Myotonic Dystrophy Research
Clinical activity in myotonic dystrophy type 1 and myotonic dystrophy type 2 focuses on the symptomatic treatment of myotonia, with attention to both short-term control and longer-term management in affected adults.
- DM1
- DM2
- Myotonia
The sponsor’s studies in this area address ongoing treatment needs for neuromuscular symptoms associated with inherited muscle disorders.
Non-Dystrophic Myotonias
Research in non-dystrophic myotonias includes myotonia congenita, paramyotonia congenita, and sodium channel myotonia, reflecting interest in disorders marked by impaired muscle relaxation and stiffness.
- Myotonia congenita
- Paramyotonia congenita
- Sodium channel myotonia
These programmes concentrate on symptomatic relief for adult patients living with channel-related muscle hyperexcitability conditions.
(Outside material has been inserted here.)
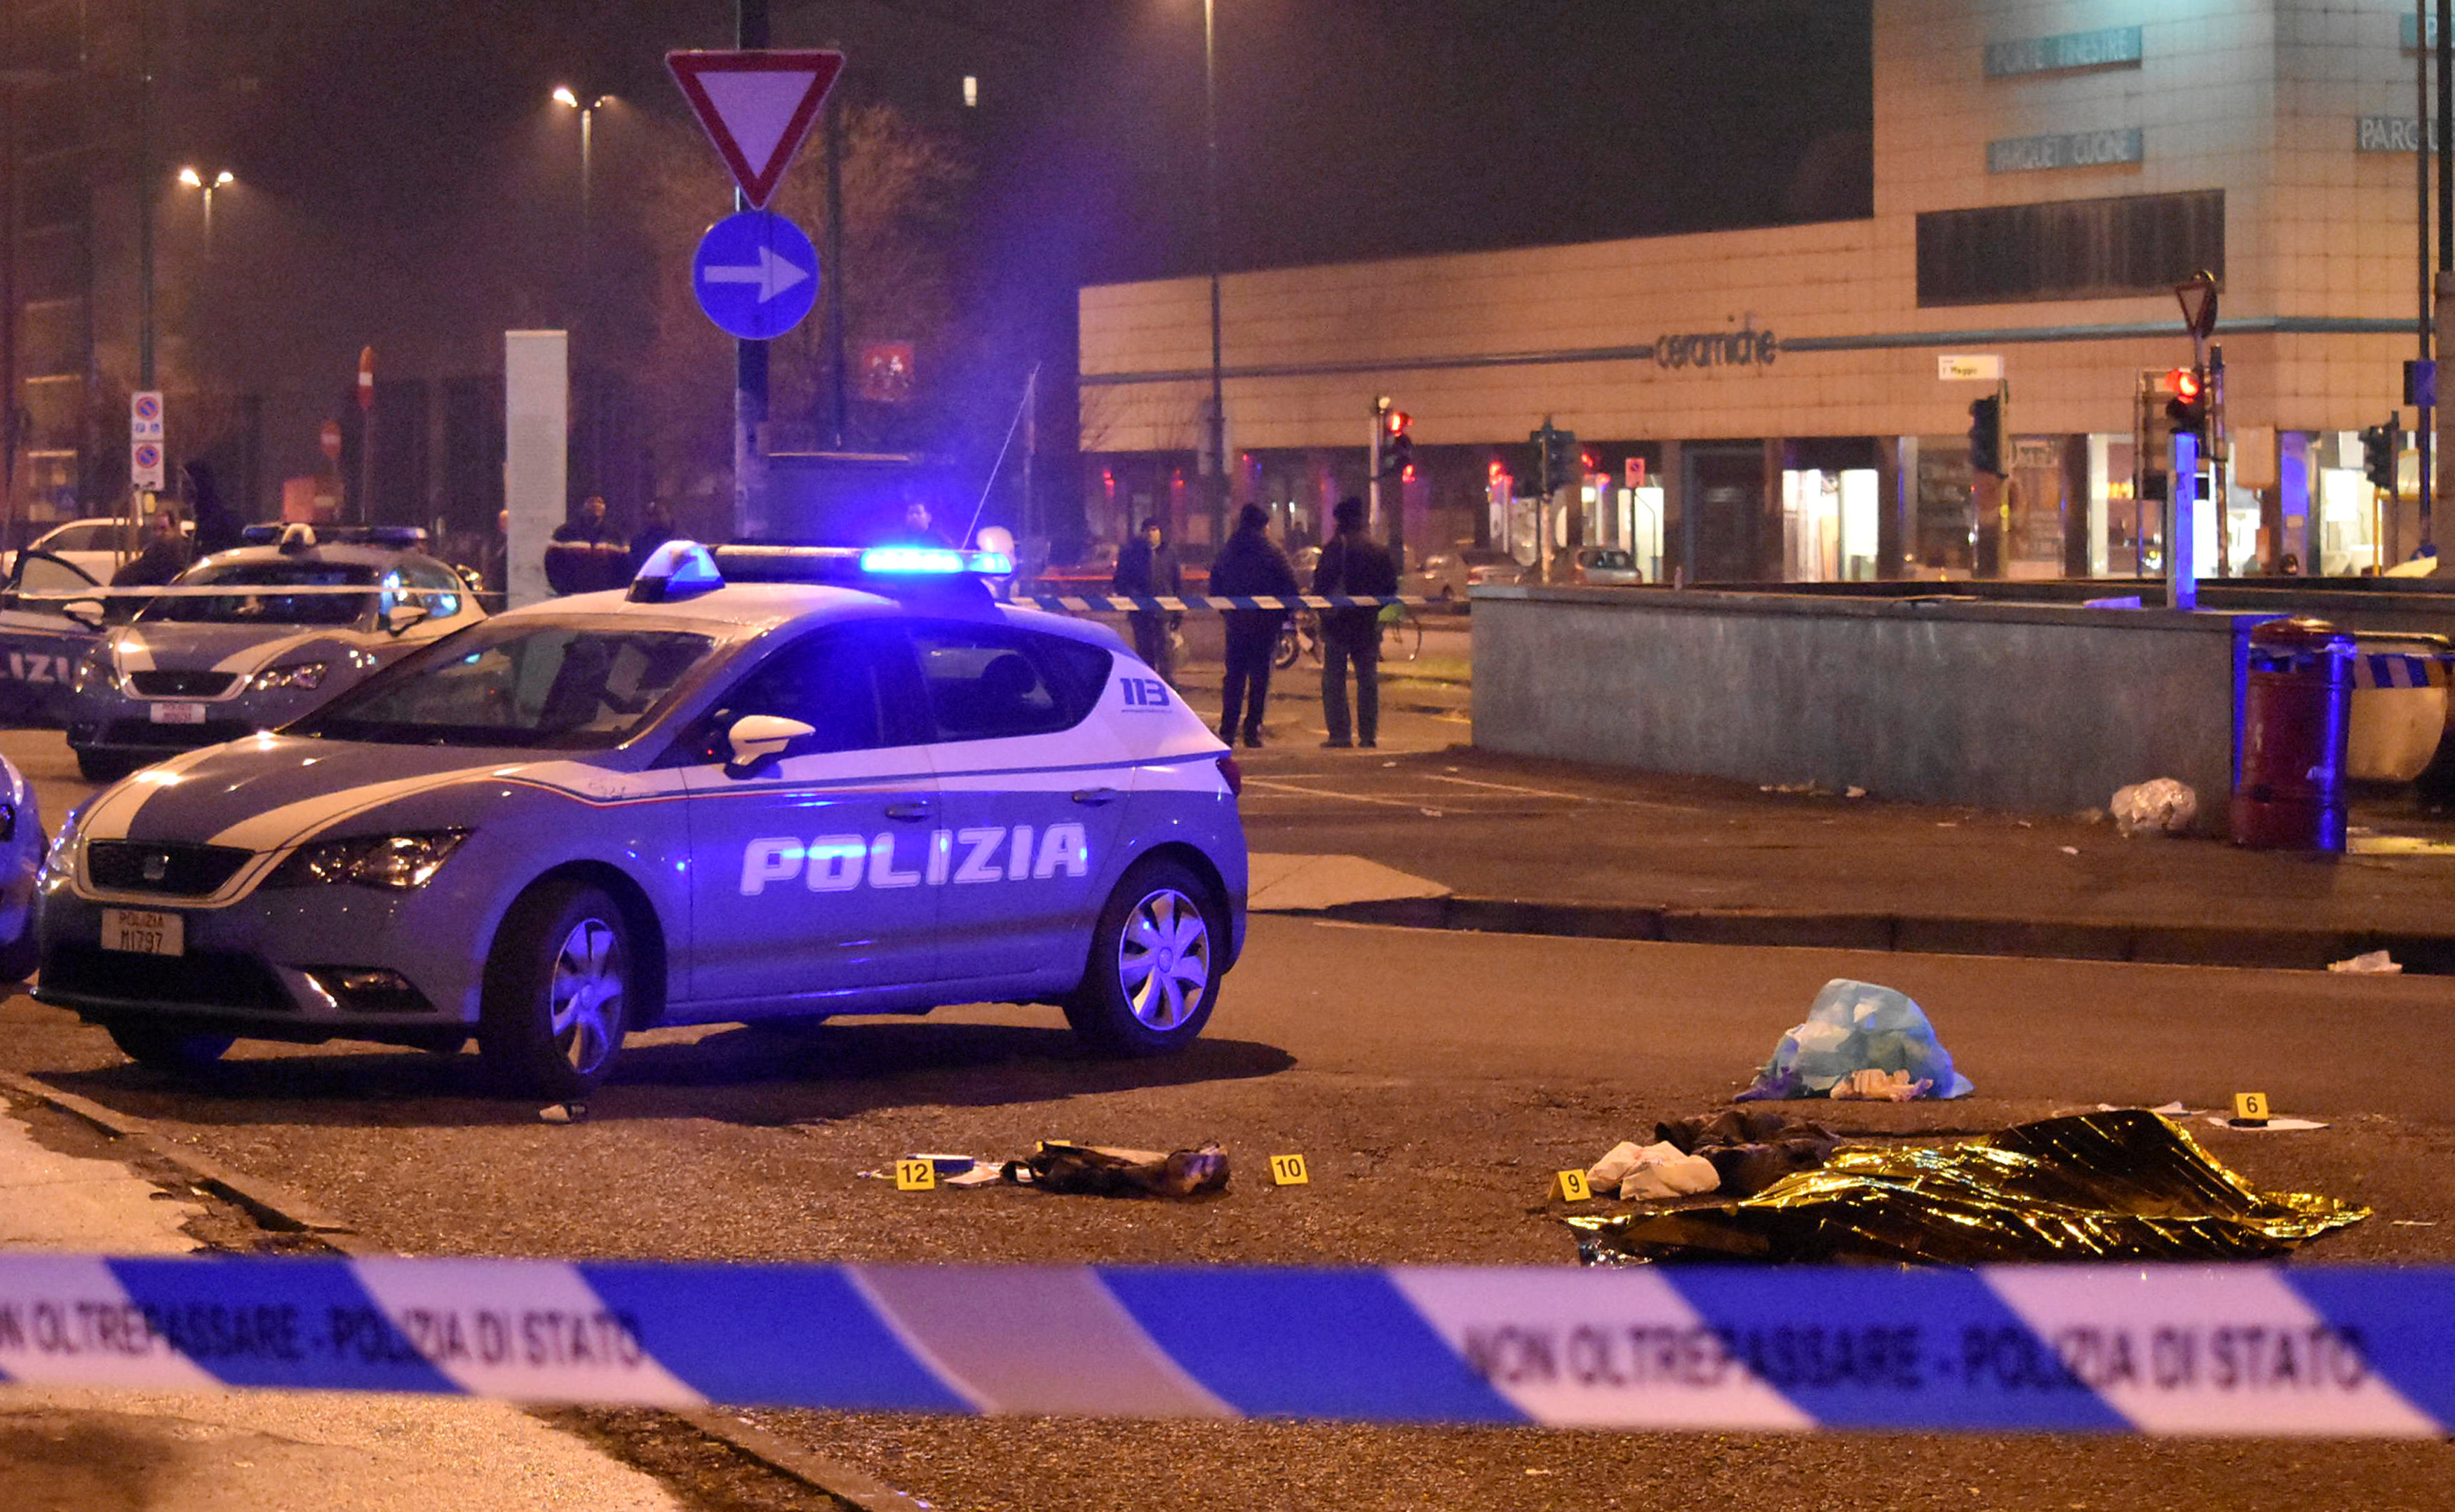 Italy police say had no idea Berlin truck attacker was in Milan

Neuromuscular Symptom Management
The funded trials emphasise treatment of muscle stiffness, delayed relaxation, and related functional impairment, with a therapeutic focus on improving daily symptom control in neuromuscular disease.
- Muscle stiffness
- Delayed muscle relaxation
- Functional impairment
This area reflects sustained interest in managing the core manifestations of myotonic disorders across distinct patient groups.
Mexiletine-Based Therapeutic Development
Current research centres on mexiletine in prolonged-release and immediate-release forms for symptomatic treatment of myotonia, indicating a strong therapeutic emphasis on anti-myotonic pharmacology.
- Prolonged-release mexiletine
- Immediate-release mexiletine
- Anti-myotonic therapy
The portfolio includes ongoing evaluation of tolerability and sustained symptom control in inherited muscle channel disorders.